2.2. Budidaya Rumput Laut di Indonesia


Berkat kemajuan teknologi, Seiring dengan kebutuhan rumput laut yang
semakin meningkat, maka cara terbaik untuk tidak selalu menggantungkan pada
persediaan di alam adalah dengan kegiatan budidaya rumput laut.

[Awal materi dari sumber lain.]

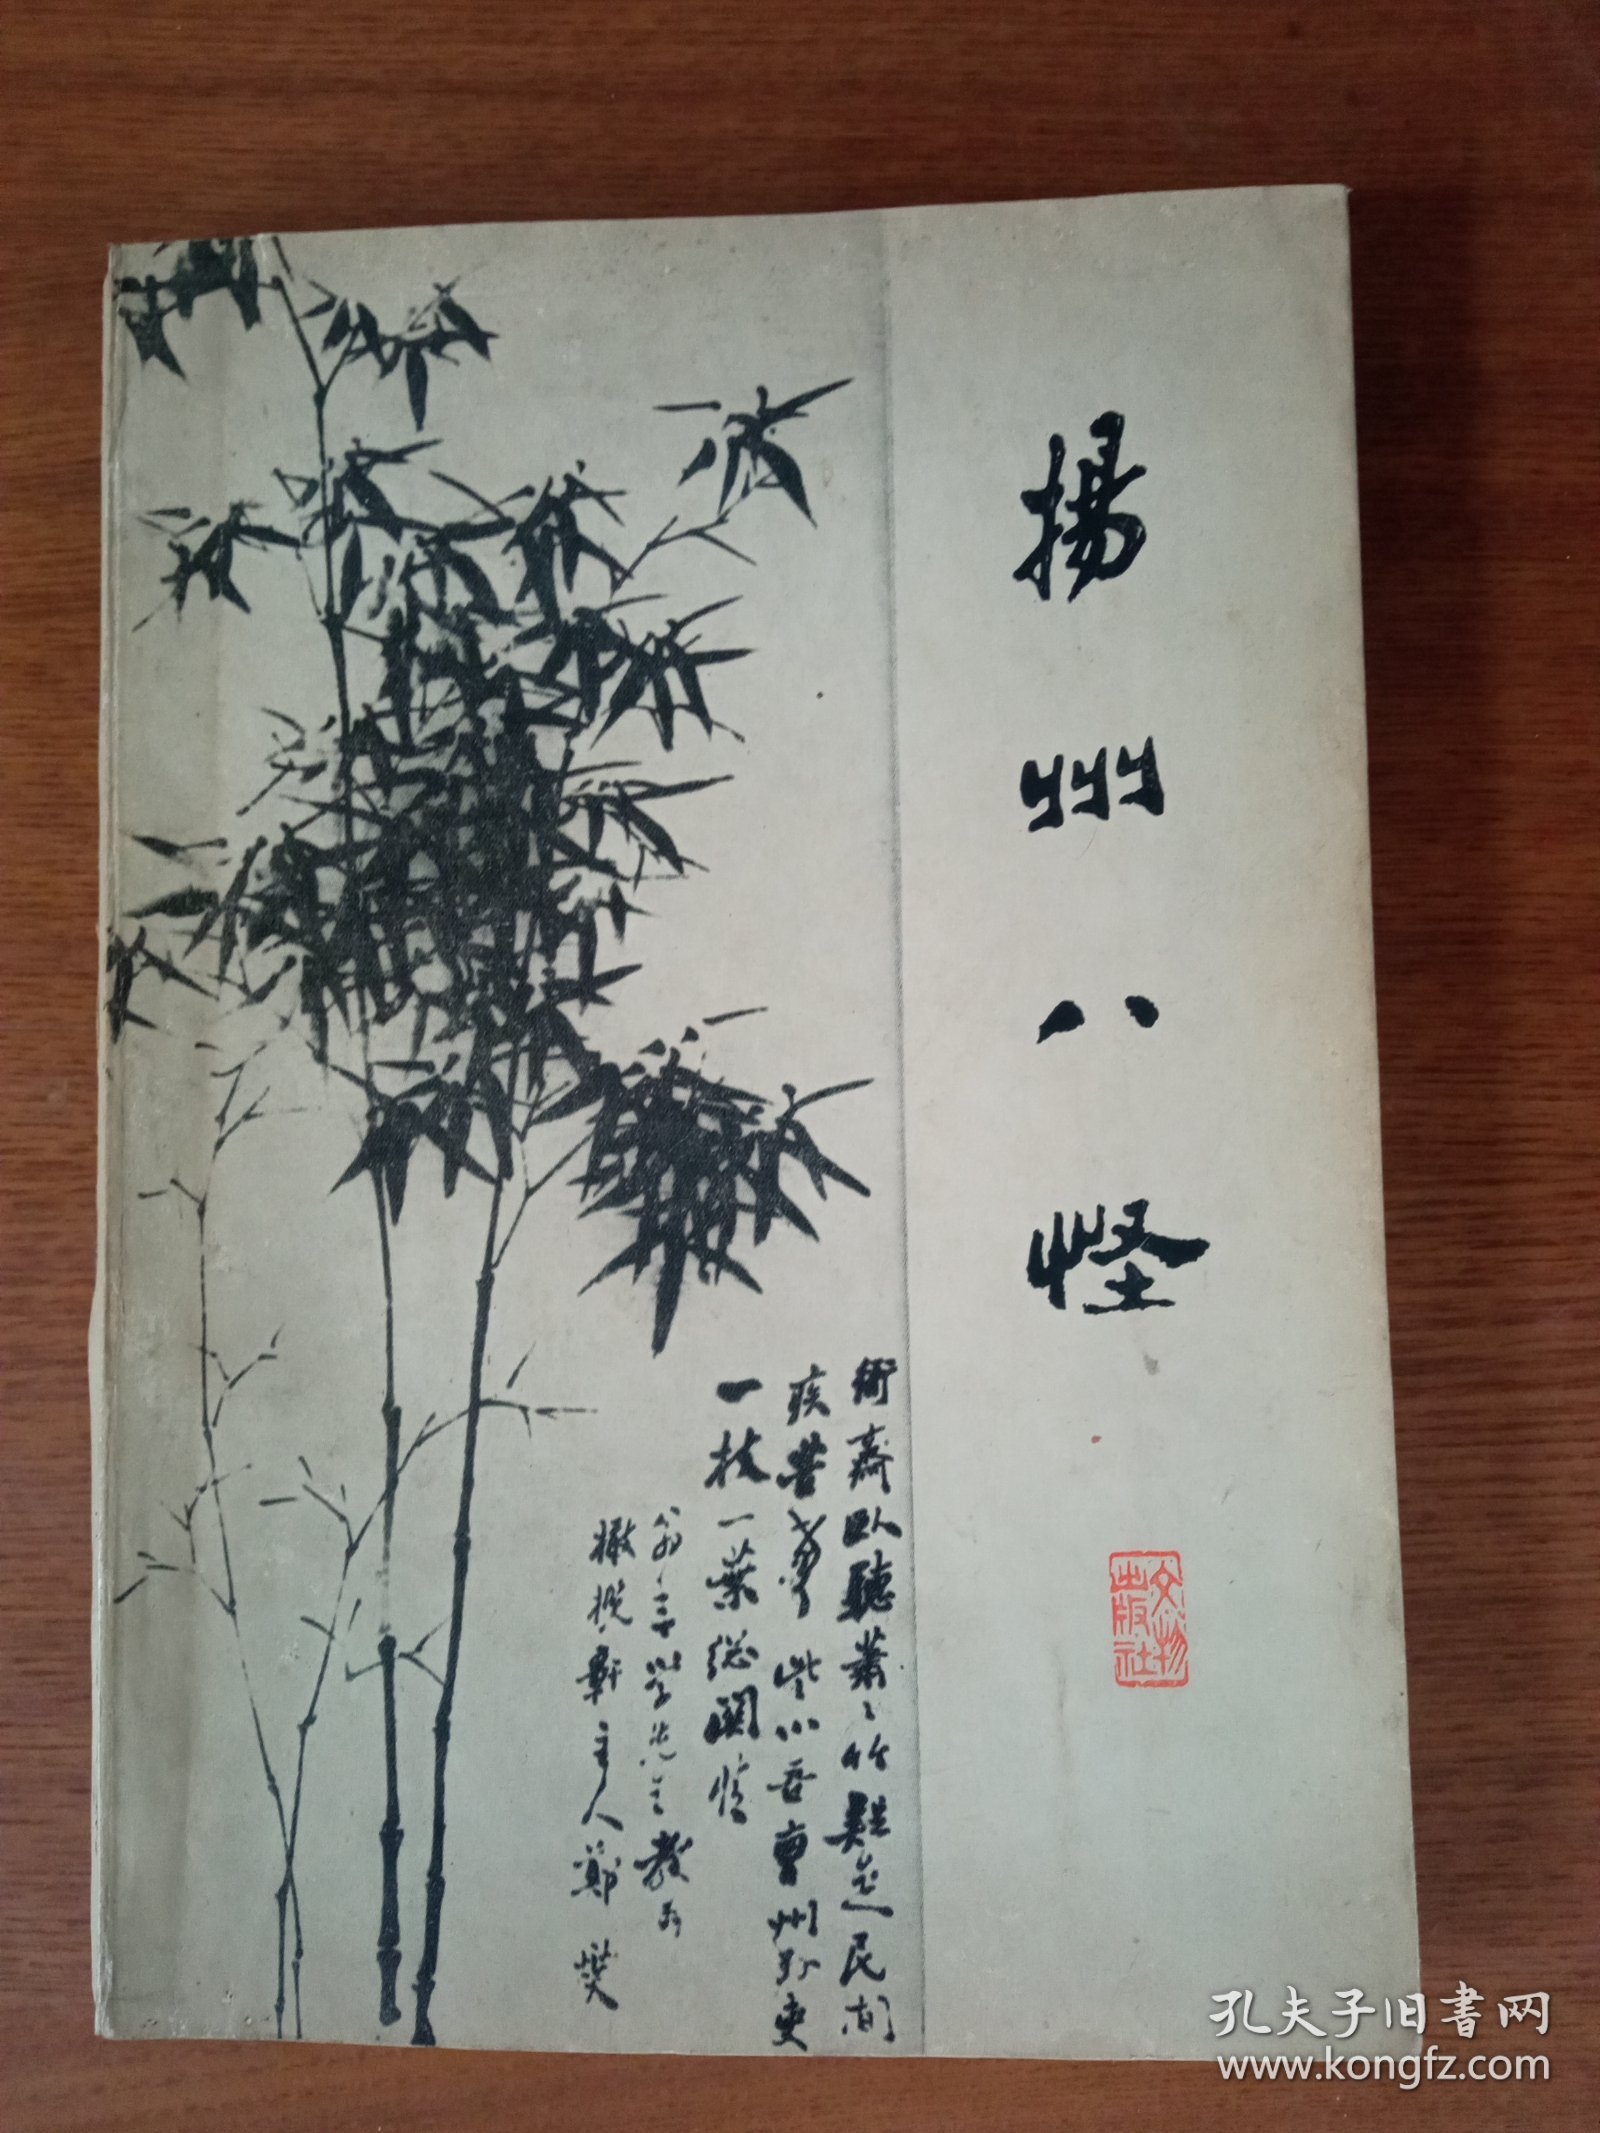 《扬州八怪》个人藏书内页近全新，没有翻阅过，封面自然旧，如图所示。

Budidaya adalah
langkah yang tepat alam usaha meningkatkan buidaya rumput laut, sehingga
diharapkan suplai dapat lebih teratur baik dalam jumlah maupun mutunya.
Usaha budidaya laut, termasuk didalamnya adalah usaha budidaya rumput laut
didukung oleh keputusan Menteri Kelautan dan Perikanan Nomor :
Kep.2/MEN/2004 Tentang Perizinan Usaha Pembudidayaan Ikan, sebagai
Pelaksanaan Peraturan Pemerintah No. 54 Tahun 2002 Tentang Usaha Perikanan.
Dalam Keputusan Menteri tersebut yang dimaksudkan dengan usaha
pembudidayaan ikan meliputi kegiatan pembenihan, pembesaran, penanganan dan
pengelolaan yang dapat dilakukan secara terpisah maupun secara terpadu
(Direktorat Jenderal Perikanan Budidaya, 2005 dalam Khasanah, 2013).
Menurut Restiana dan Diana (2009) dalam Khasanah (2013), peluang
budidaya rumput laut didorong beberapa faktor yaitu :

a. Rumput Laut yang dikeringkan dengan proses yang berbeda-beda mempunyai


komposisi nutrisi yang berbeda pula.
b. Rumput laut banyak mengandung zat-zat nutrisi penting yang diperlukan bagi
tubuh manusia, seperti protein, karbohidrat, energi dan serat kasar.
c. Kandungan lemaknya yang rendah dan serat kasarnya yang cukup tinggi
menyebabkan rumput laut baik untuk dikonsumsi sehari-hari. Faktor utama
penunjang keberhasilan budidaya rumput laut adalah pemilihan lokasi untuk
budidaya. Pertumbuhan rumput laut ditentukan kondisi ekologi setempat.
Penentuan lokasi yang telah ditetapkan harus sesuai dengan metode yang akan
digunakan. Penentuan lokasi yang salah akan berakibat fatal bagi usaha yang
dilakukan (Winarno, 1990 dalam Khasanah, 2013). Dalam perkembangan
budidaya rumput laut dapat dilakukan beberapa metode. Rumput laut
jenis Eucheuma cottonii dapat dibudidayakan dengan 5 metode yaitu metode
lepas dasar, metode rakit apung, metode jalur (kombinasi), dan metode kantong
jaring (Direktorat Jendral Perikanan Budidaya, 2005 dalam Khasanah, 2013).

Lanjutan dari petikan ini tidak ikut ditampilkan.